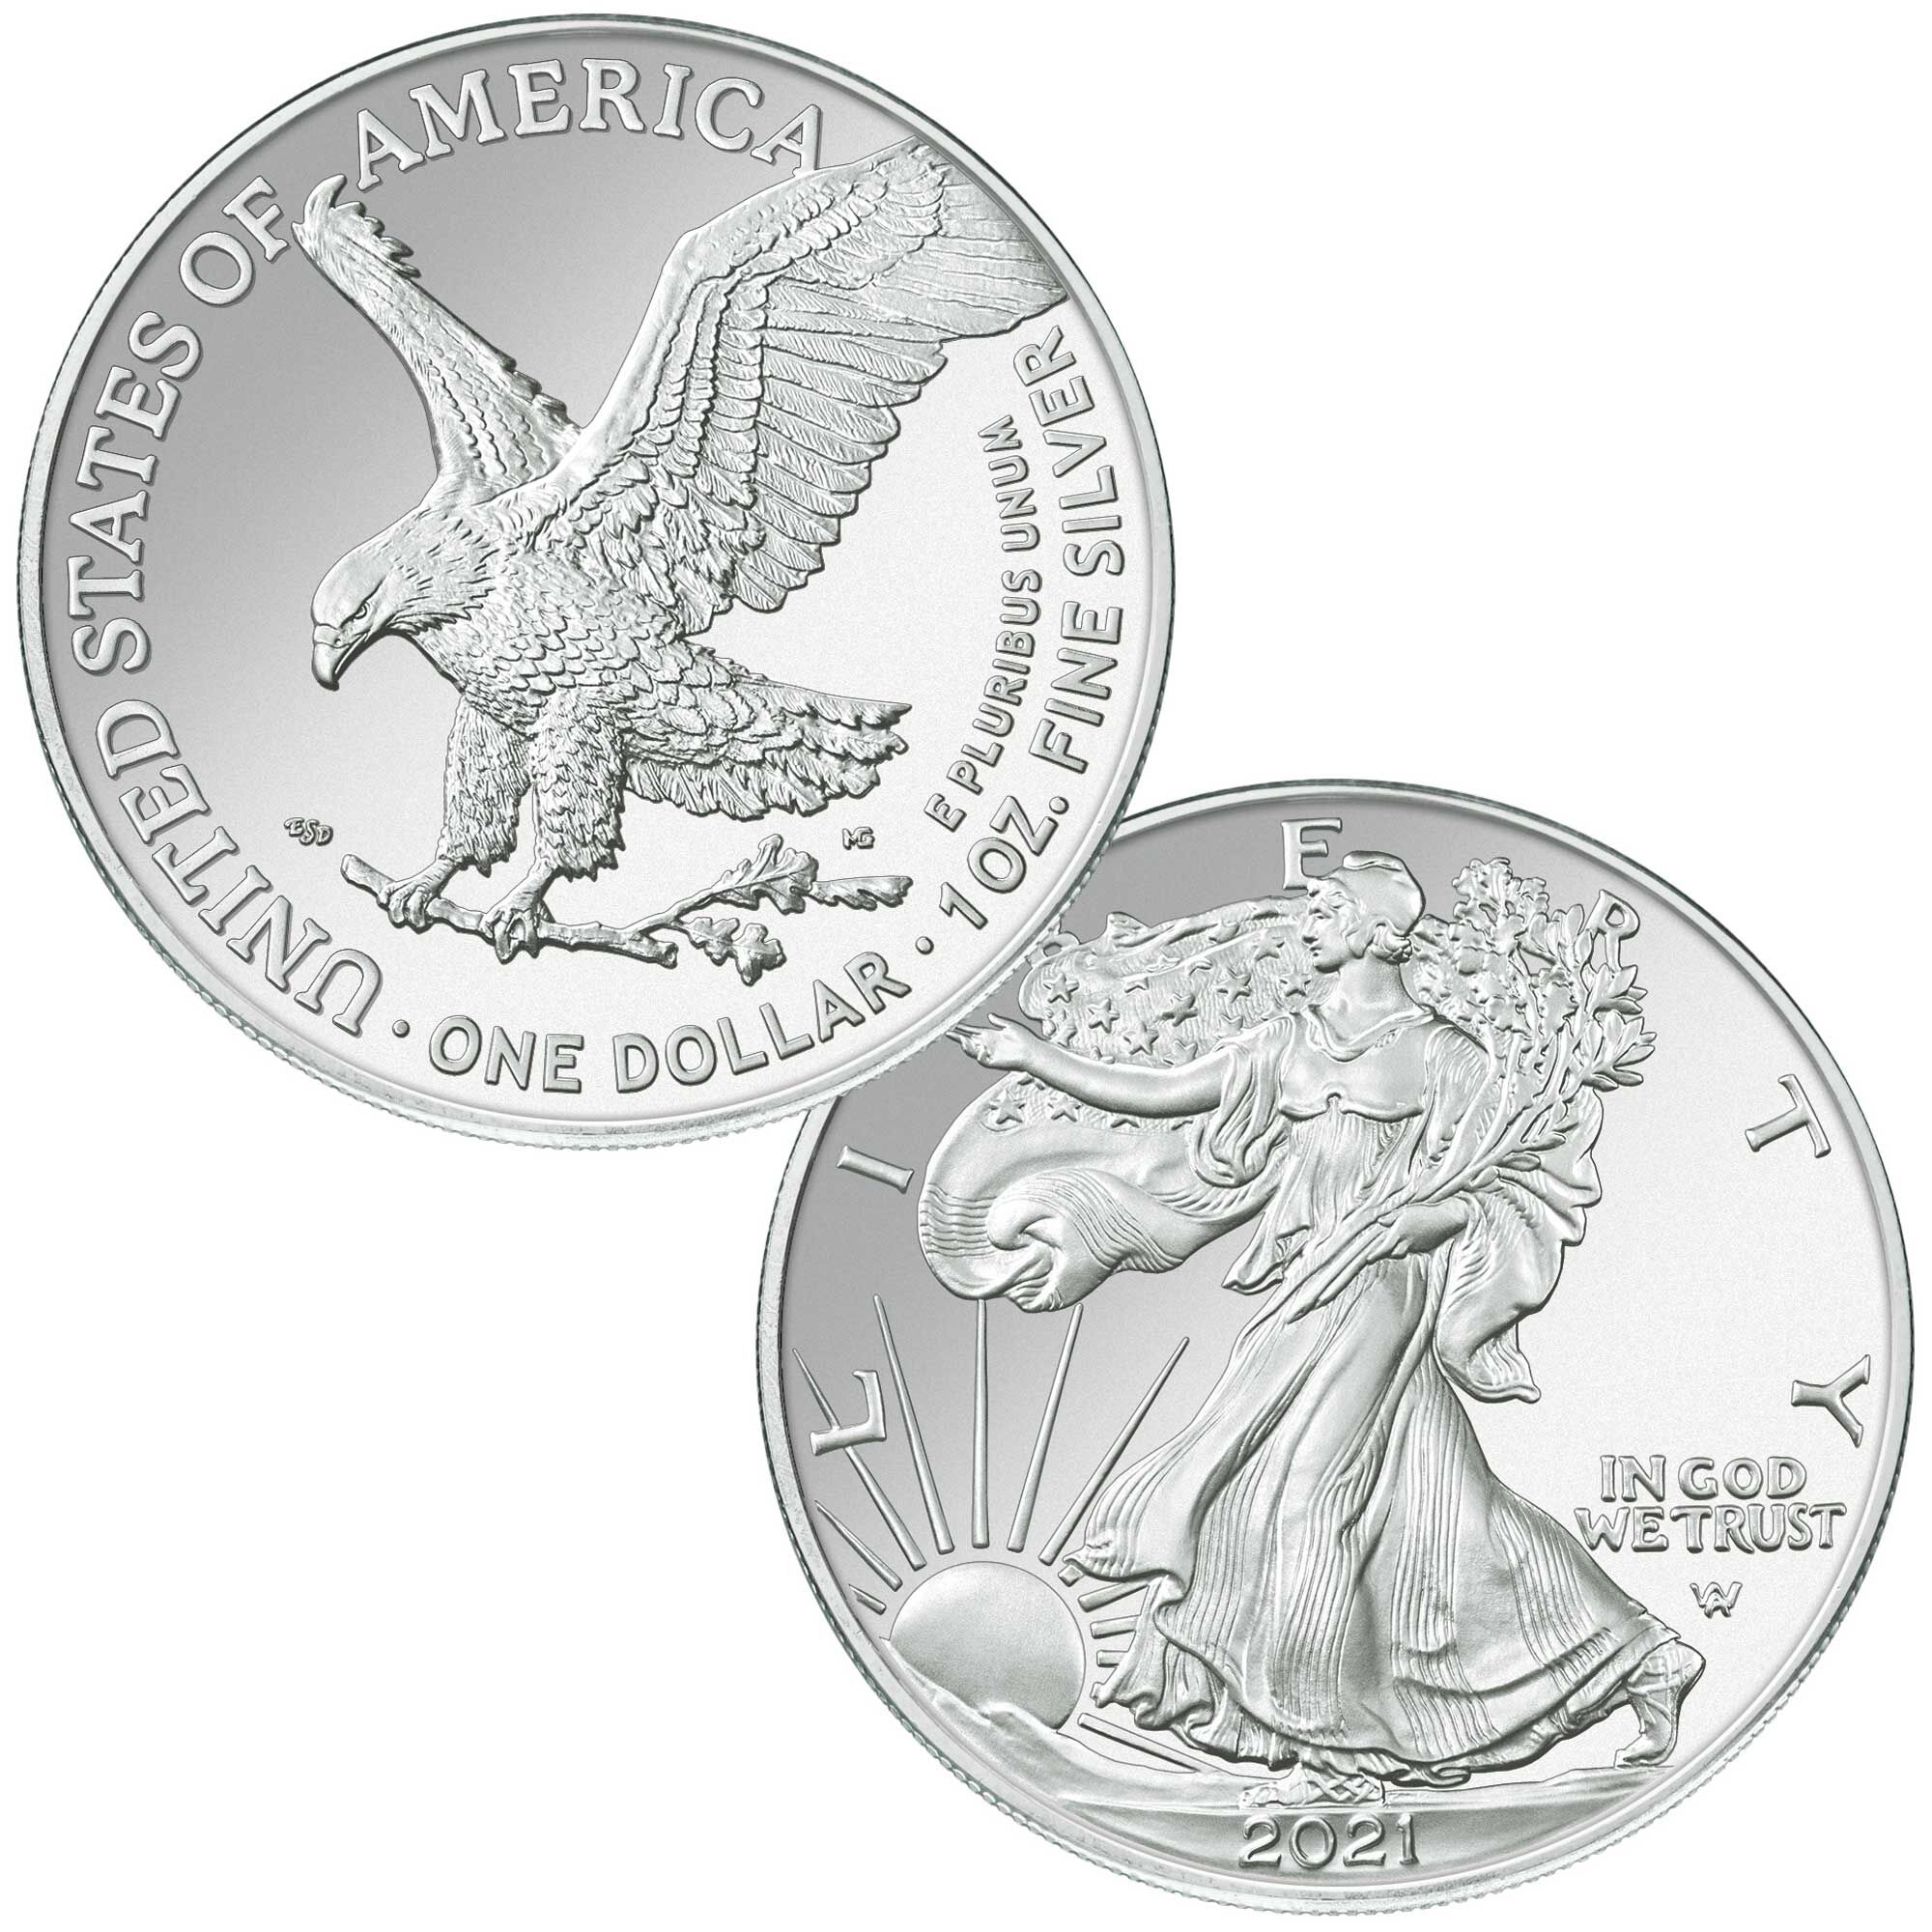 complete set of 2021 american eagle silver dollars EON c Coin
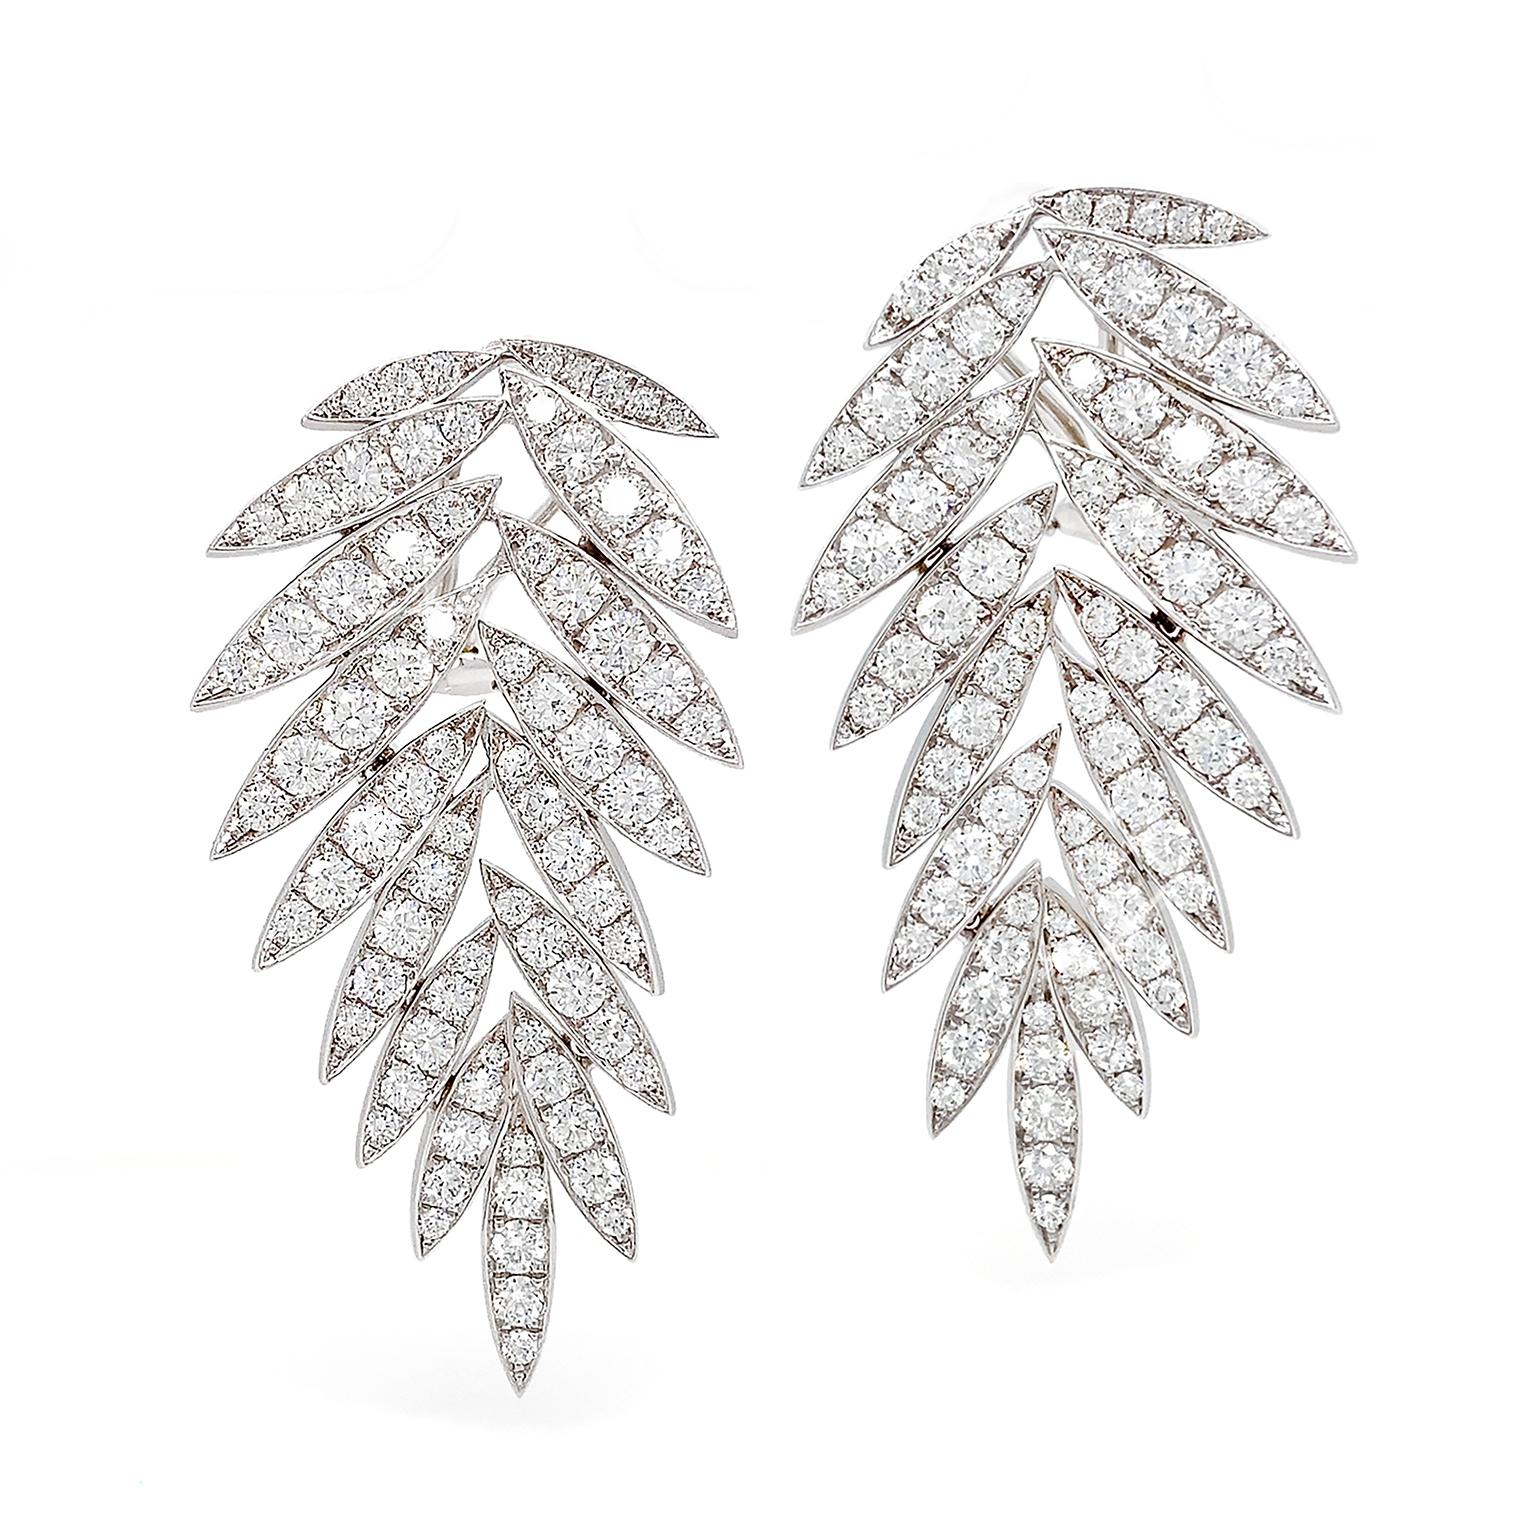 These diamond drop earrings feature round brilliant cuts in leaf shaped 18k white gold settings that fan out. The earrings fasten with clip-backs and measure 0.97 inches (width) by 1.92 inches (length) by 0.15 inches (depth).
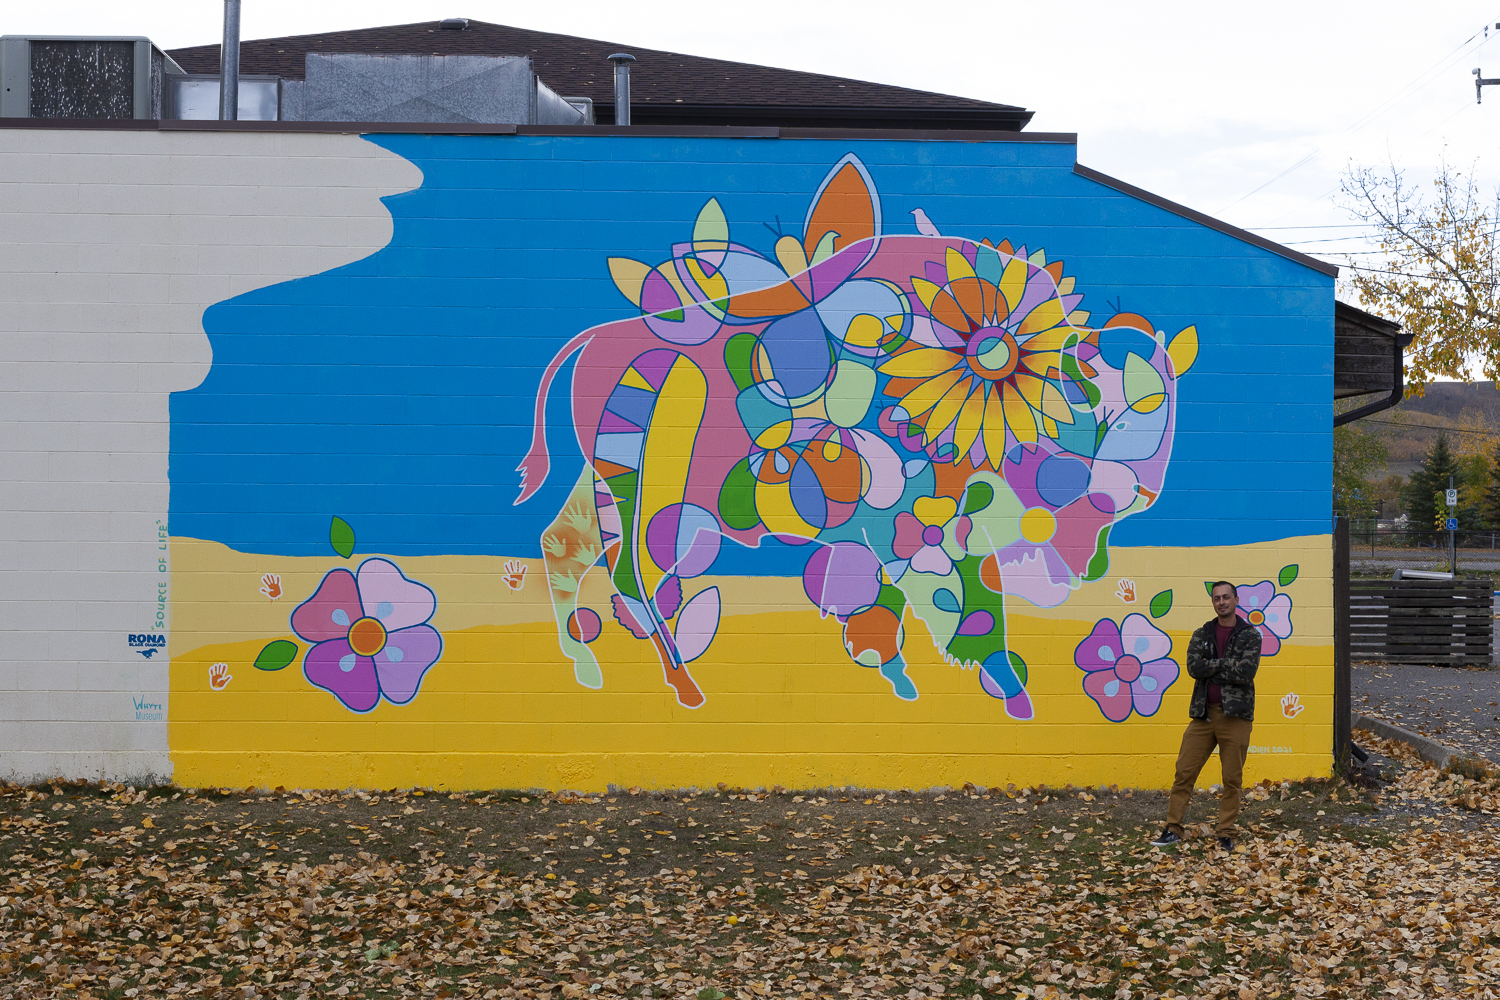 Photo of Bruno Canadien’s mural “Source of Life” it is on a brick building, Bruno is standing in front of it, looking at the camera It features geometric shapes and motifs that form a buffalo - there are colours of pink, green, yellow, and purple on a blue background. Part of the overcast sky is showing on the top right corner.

--------------------------------------------------

> _Task directions_:
Copy out every line of the data above, taking care to leave the pictures out.

> _Reply to the task_:
 complete set of 2021 american eagle silver dollars EON c Coin
 These diamond drop earrings feature round brilliant cuts in leaf shaped 18k white gold settings that fan out. The earrings fasten with clip-backs and measure 0.97 inches (width) by 1.92 inches (length) by 0.15 inches (depth).
 Photo of Bruno Canadien’s mural “Source of Life” it is on a brick building, Bruno is standing in front of it, looking at the camera It features geometric shapes and motifs that form a buffalo - there are colours of pink, green, yellow, and purple on a blue background. Part of the overcast sky is showing on the top right corner.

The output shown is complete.